In some embodiments, the diabetes sensor 1 is located outside the patient's body, the signal conversion module 3 and the electroosmotic pump 4 are sequentially provided at one end of the diabetes sensor 1. The electroosmotic pump 4 is provided in close proximity to the skin of the patient to realize the injection of insulin for the patient. In addition, the diabetes sensor 1 with a microneedle array could penetrate deep into the dermis or fat layer of the patient, which is more effective for injecting insulin into the fat layer.


Specifically, the second conversion module 33 could provide a constant voltage to drive the electroosmotic pump and further control the injection dosage of insulin by controlling the voltage level and duration. In some embodiments, the voltage ranges from 0.1 V to 20 V.

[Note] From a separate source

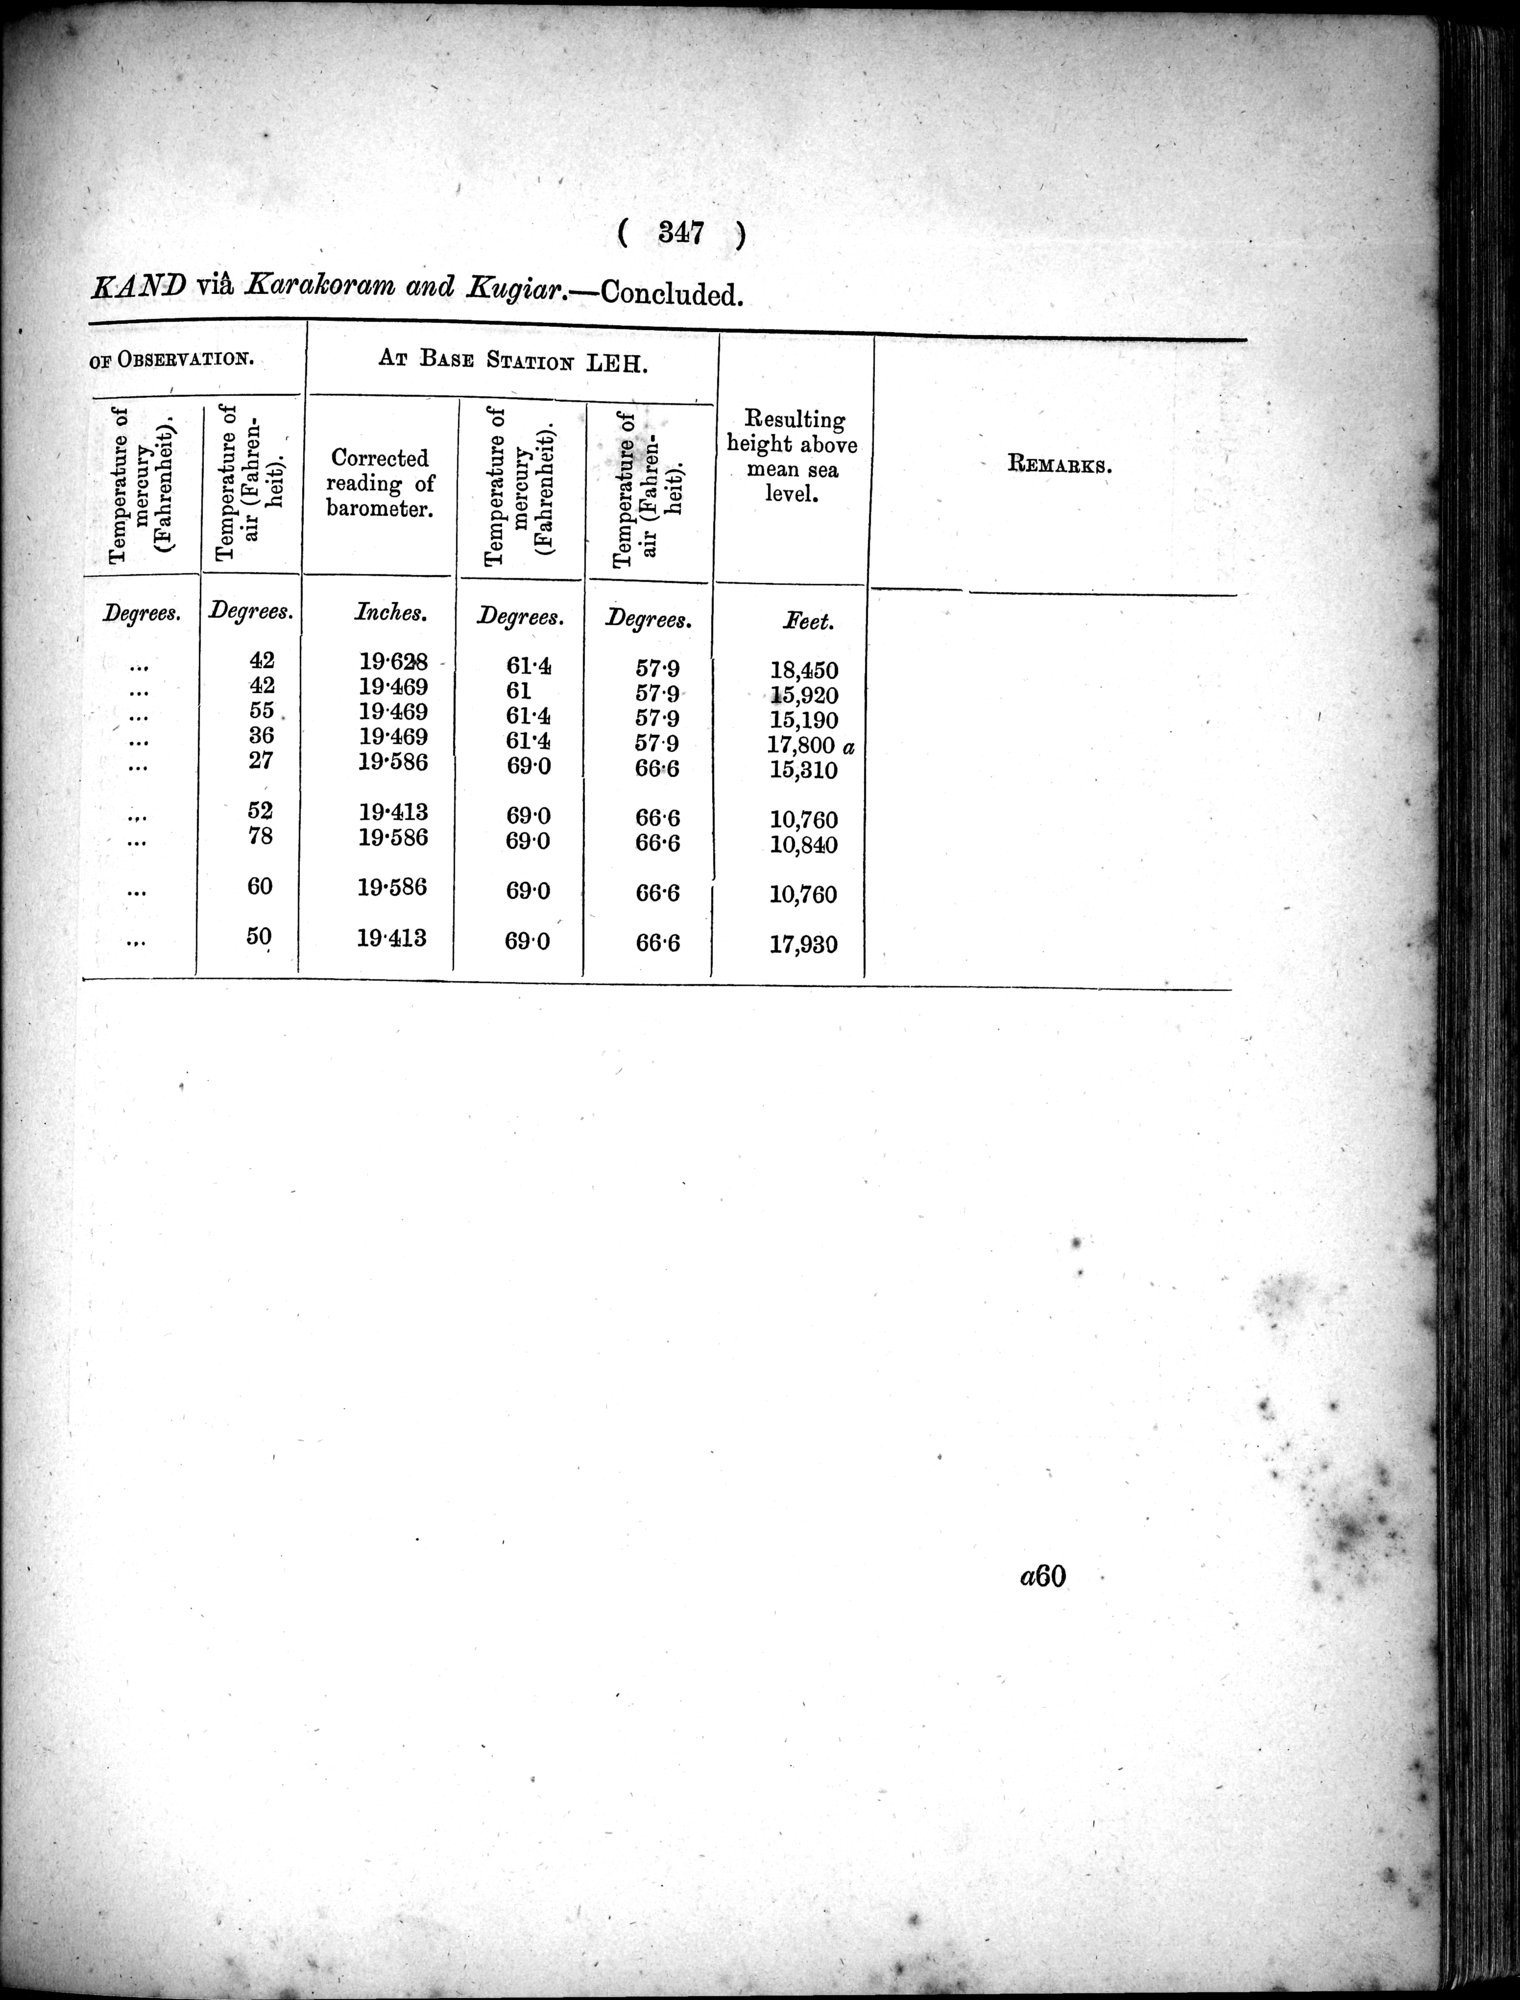 Report of a Mission to Yarkund in 1873 : vol.1 / Page 481 (Grayscale High Resolution Image)

In this way, after measuring the glucose concentration and generating an electrical signal by the diabetes sensor 1, the first conversion module 31 of the signal conversion module 3 receives and converts the electrical signal, and then sends the converted electrical signal to the control module 32. After receiving the electrical signal converted by the first conversion module 31, the control module 32 generates different instruction information according to the different electrical signals. For example, the control module 32 could generate an opening instruction or a closing instruction, and sends the generated instruction to the second conversion module 33, which then converts the received instruction into the corresponding signal and controls the opening or closing of the electroosmotic pump 4 according to the signal, such that the electroosmotic pump 4 could be controlled according to the real-time blood glucose concentration of the patient.

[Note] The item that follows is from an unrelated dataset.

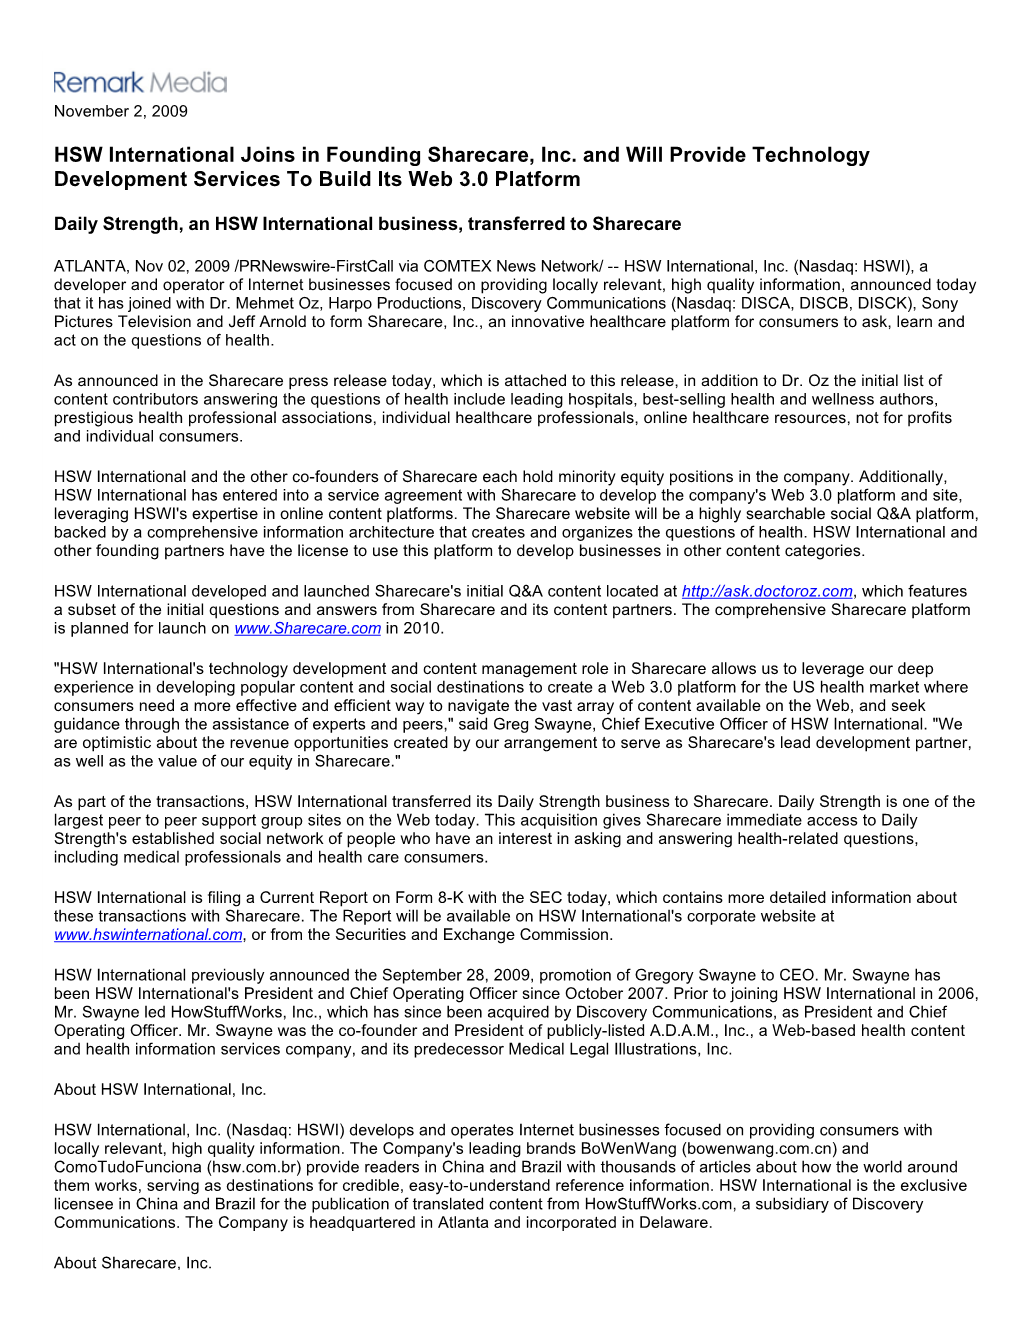 HSW International Joins in Founding Sharecare, Inc. and Will Provide Technology Development Services to Build Its Web 3.0 Platform

In some feasible embodiments, the first conversion module 31 is a first signal converter, the control module 32 is a microcontroller, and the second conversion module 33 is a second signal converter.


Specifically, those skilled in the art could utilize devices in the related technology as the first signal converter and the second signal converter, as long as the opening or closing of the electroosmotic pump 4 could be controlled by the control module 32. Therefore, there is no particular limitation on them, and the specific description of the related technology will not be repeated.


Technical Solution 4: Closed-Loop Control System with Electrochemical Pump


This technical solution is a further modification based on Technical solution 2. As shown in FIG. 44, FIG. 45, FIG. 46, FIG. 47 and FIG. 48, disclosed is a closed-loop control system according to the disclosure. The closed-loop control system includes an electrochemical pump 5, a diabetes sensor 1, and a signal conversion module 3.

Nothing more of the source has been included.